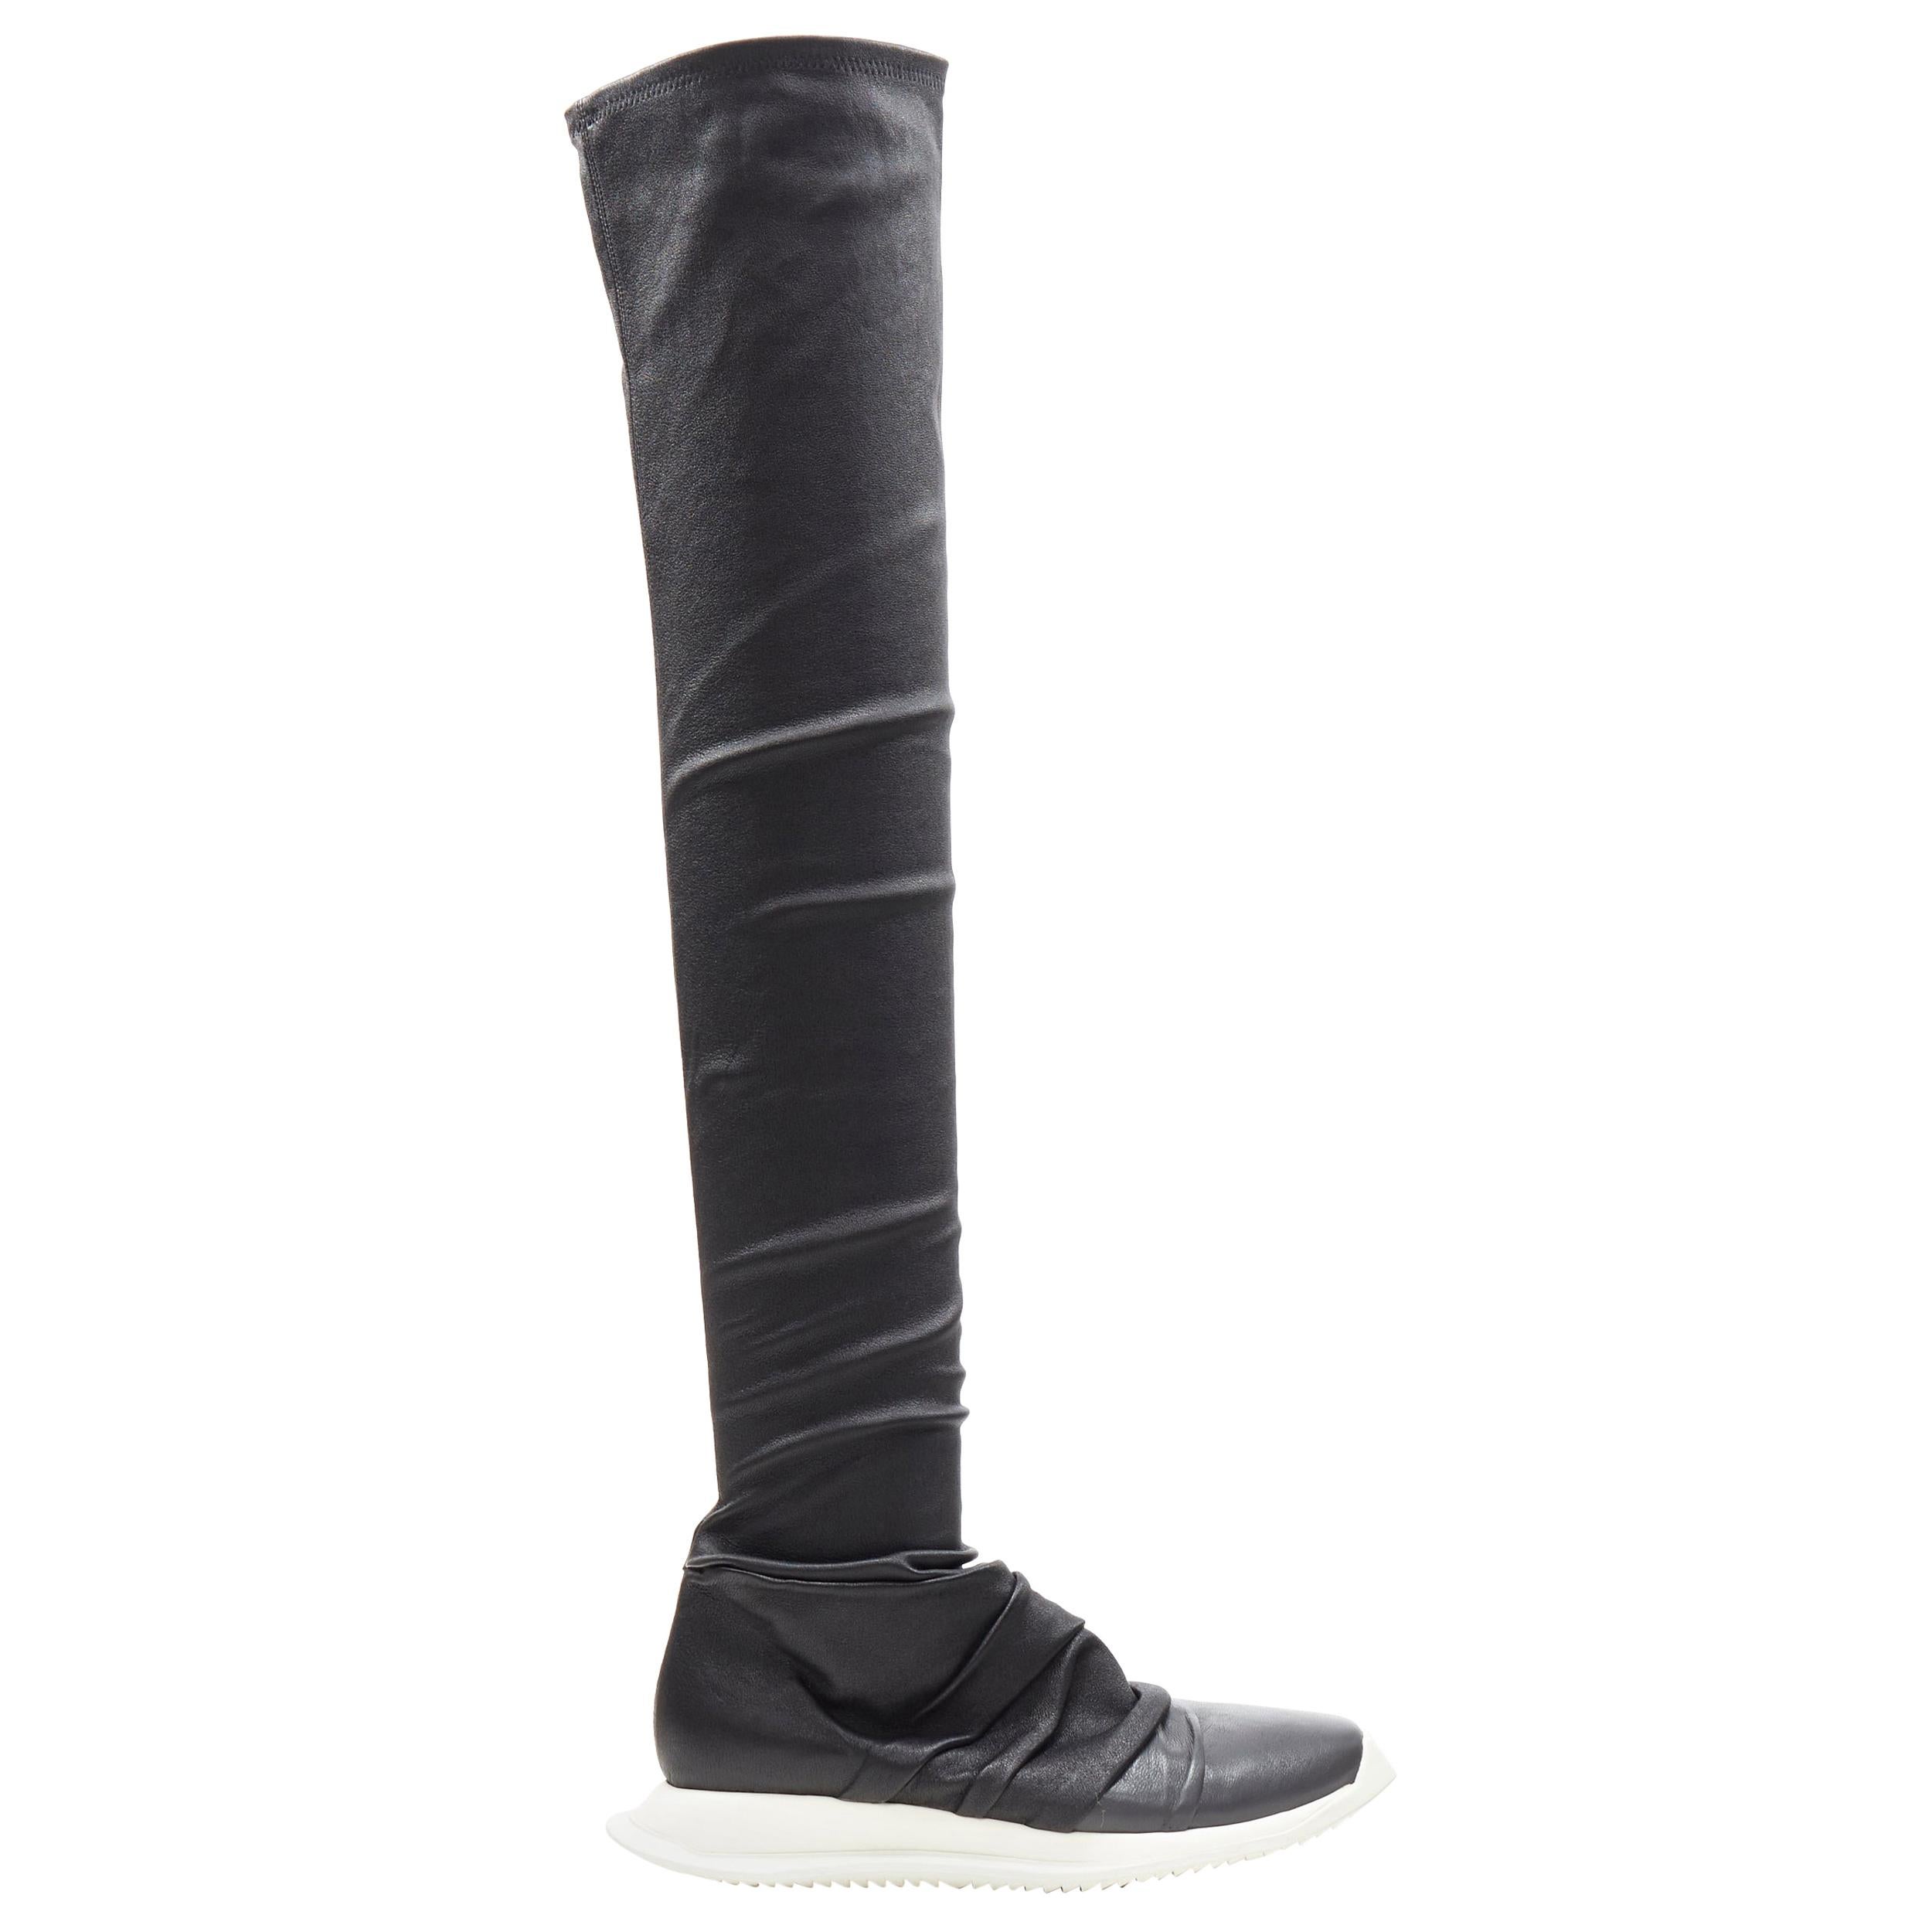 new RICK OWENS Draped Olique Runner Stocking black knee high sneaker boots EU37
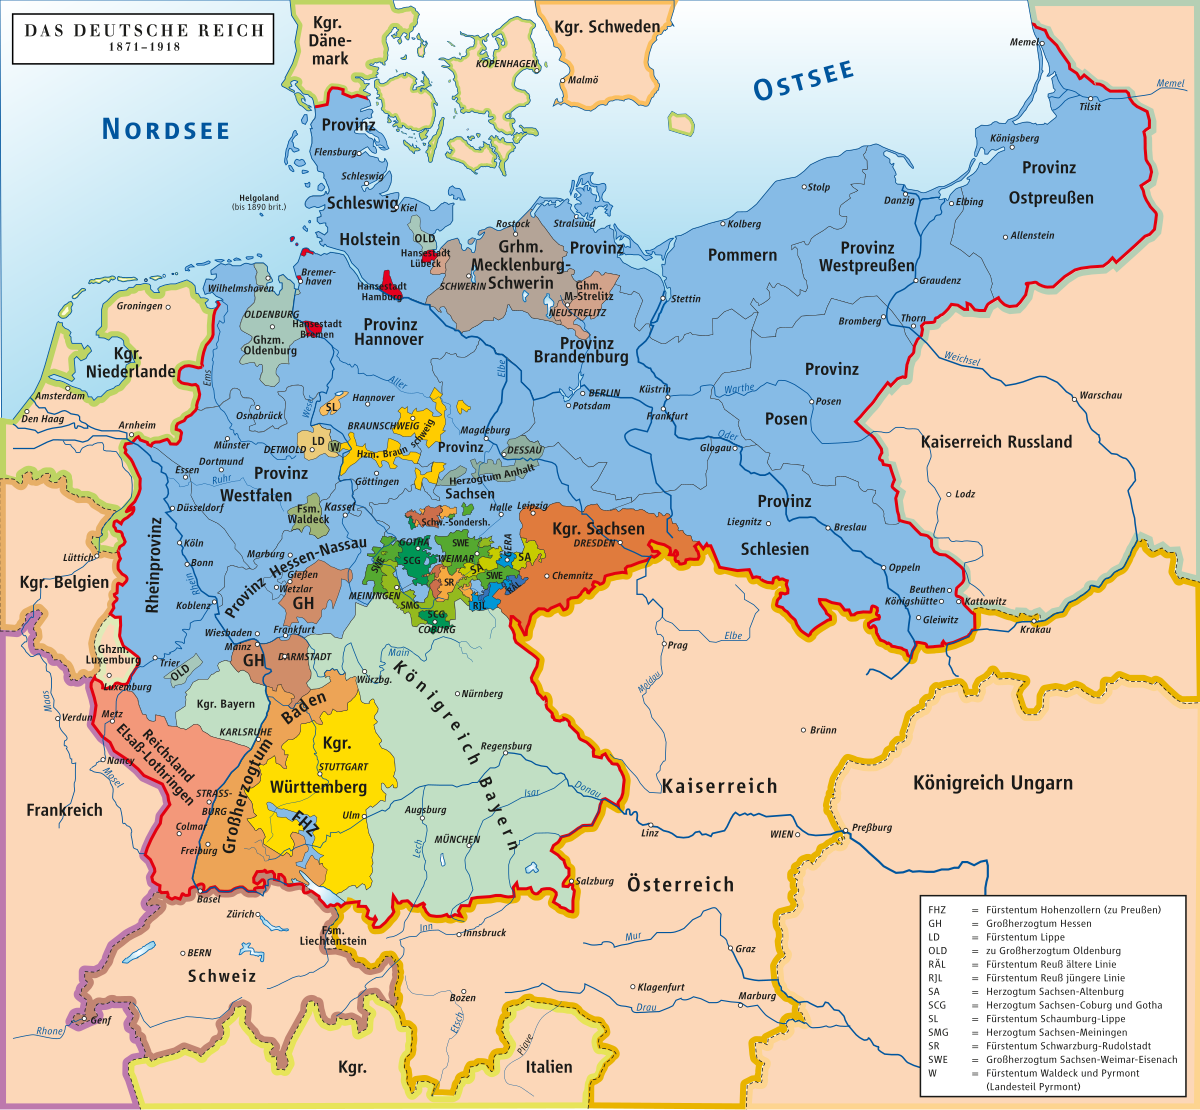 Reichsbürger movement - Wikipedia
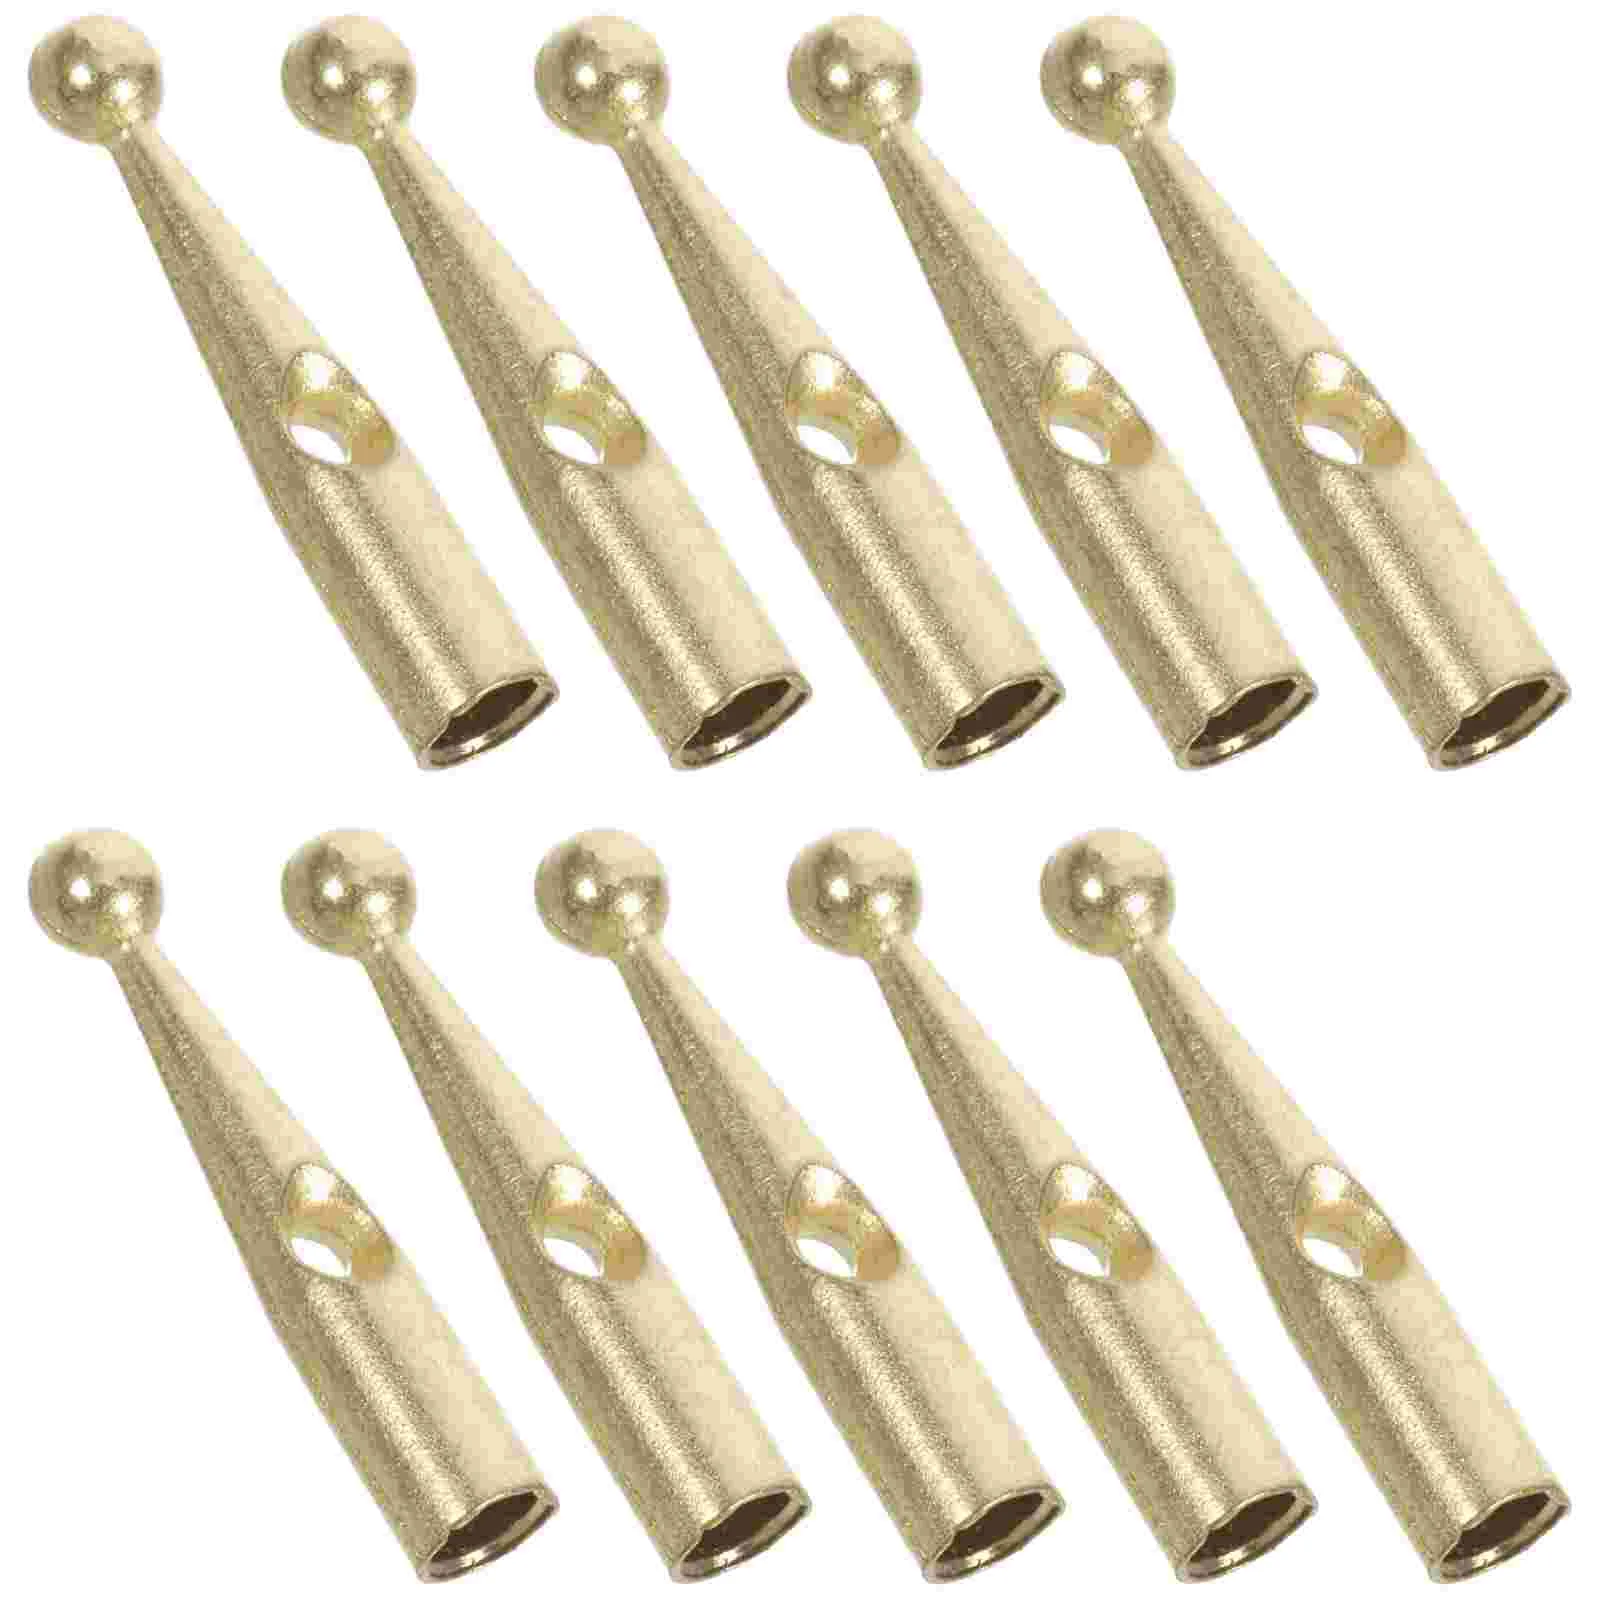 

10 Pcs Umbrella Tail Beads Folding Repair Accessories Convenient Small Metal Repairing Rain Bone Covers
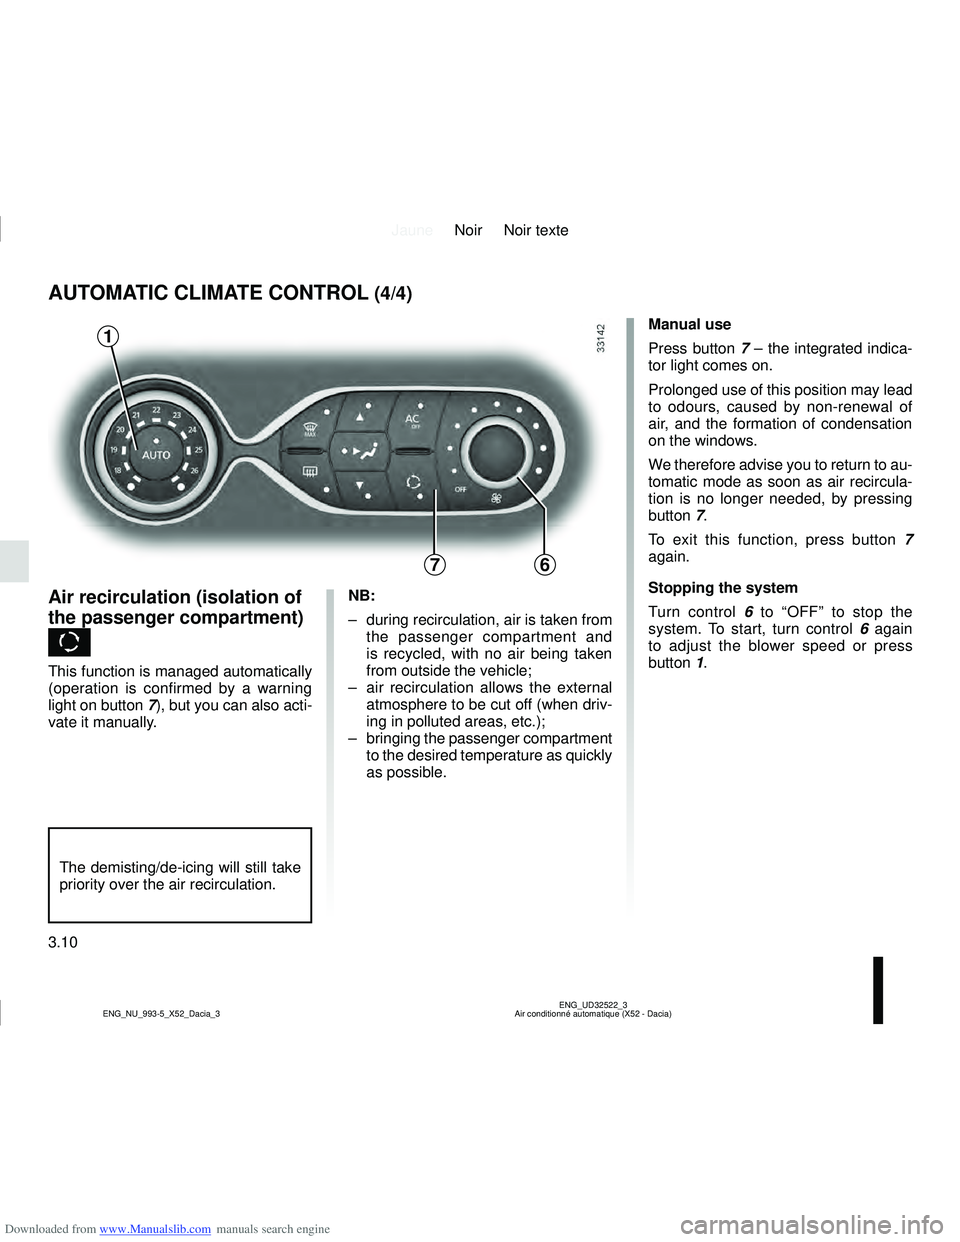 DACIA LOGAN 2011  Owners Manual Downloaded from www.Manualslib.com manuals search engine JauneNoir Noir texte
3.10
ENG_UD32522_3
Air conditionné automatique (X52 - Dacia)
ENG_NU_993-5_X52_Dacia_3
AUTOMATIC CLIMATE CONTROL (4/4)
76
------------------------------------
■ TASK OBJECTIVE ■
Only the lines from the line containing "DACIA LOGAN 2011" through the end of the material should be retyped, exactly and in full, with no pictures.

■ SOLUTION ■
 DACIA LOGAN 2011  Owners Manual Downloaded from www.Manualslib.com manuals search engine JauneNoir Noir texte
3.10
ENG_UD32522_3
Air conditionné automatique (X52 - Dacia)
ENG_NU_993-5_X52_Dacia_3
AUTOMATIC CLIMATE CONTROL (4/4)
76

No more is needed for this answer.